Here are two countries with the C19 scam pandemic, one can see the total deaths is no different without the pandemic. We do know that and even from the lawsuit from the German [Corona]virus Task Force against the WHO (World Health Organization) that the PCR test has an 89 to 94% false-positive rate. Six months ago, I researched the PCR test has 80.33% false positive (not real) and Florida Governor Ron DeSantis states that there are 90% false positives!! The PCR test is a very subjective test and can be modified to "fit" a narrative!

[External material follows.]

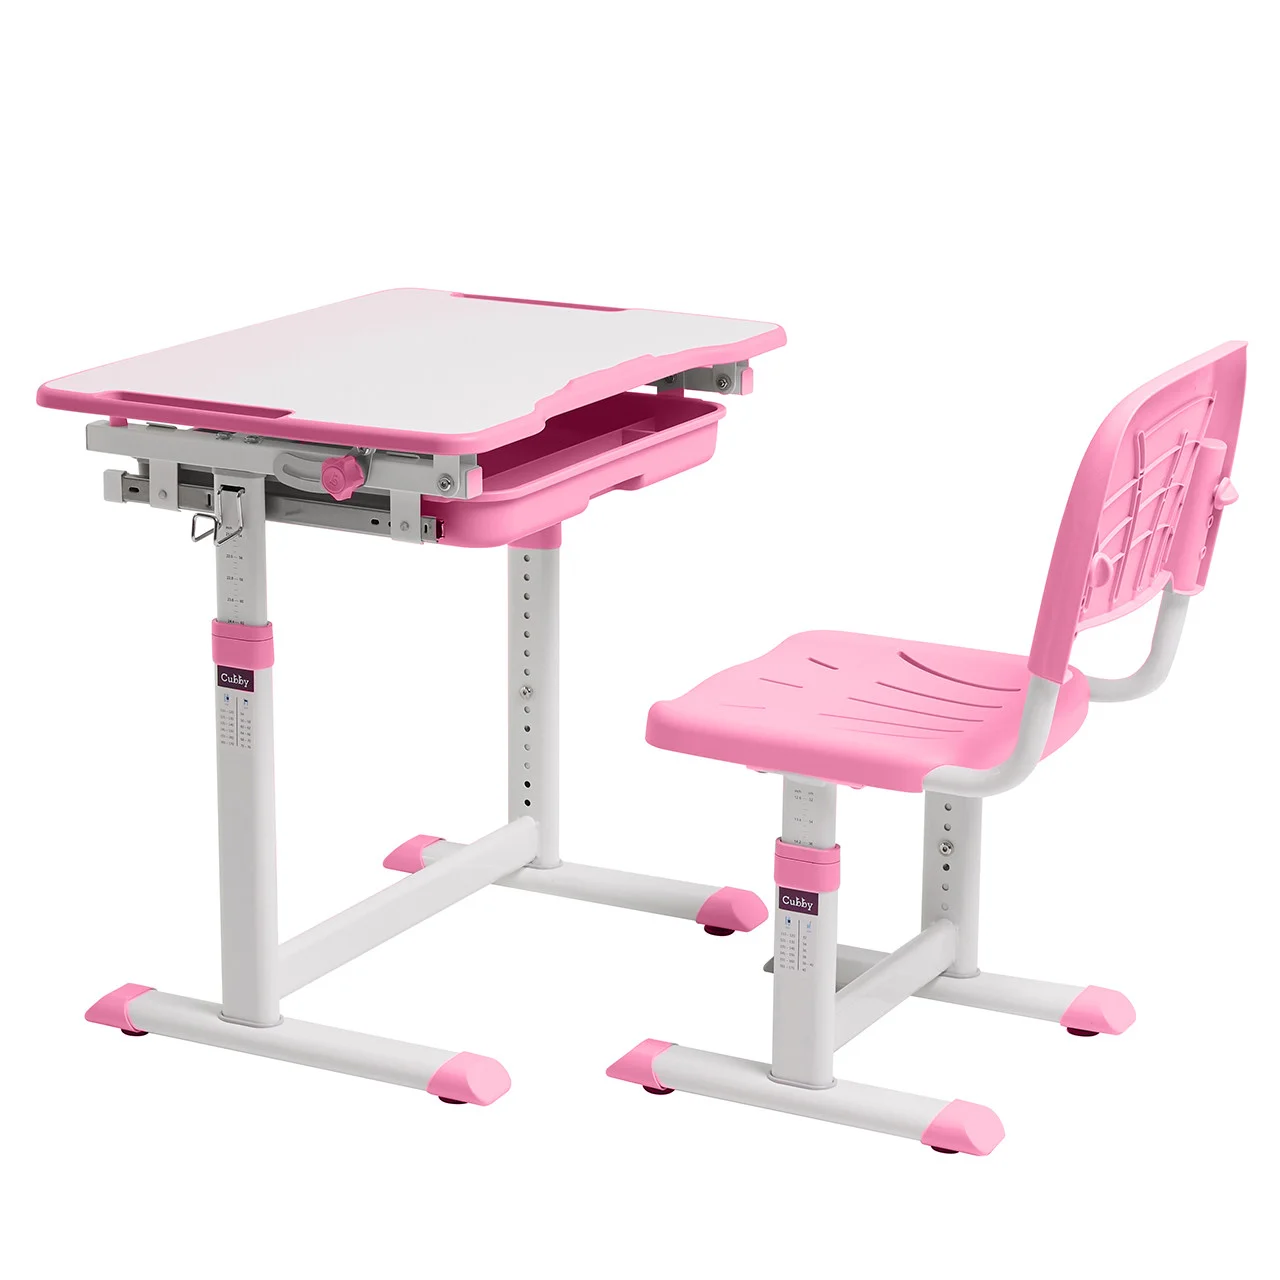 Cubby Комплект парта + стул трансформеры Sorpresa Pink (розовый)

If one does their research, one can find out the total death rate in any country has not increased from the past years, the cause of death has just been labeled different. Again, it is about power, money and control. One can see that when the financial incentives are not there, like in Taiwan or Thailand, the statistics are all different and much lower. It is a shame that in the world, our medical industry is not about helping or curing people, it is about making money in most cases. Some of these people are clearly just criminals, plain and simple. What we need is a medical industry that is not about money and genuine to help the patient get better! This is coming with new technology, the current reactive and not preventive medicine, with greed as a main narrative will be gone in the coming years, I promise. There is hope on the horizon!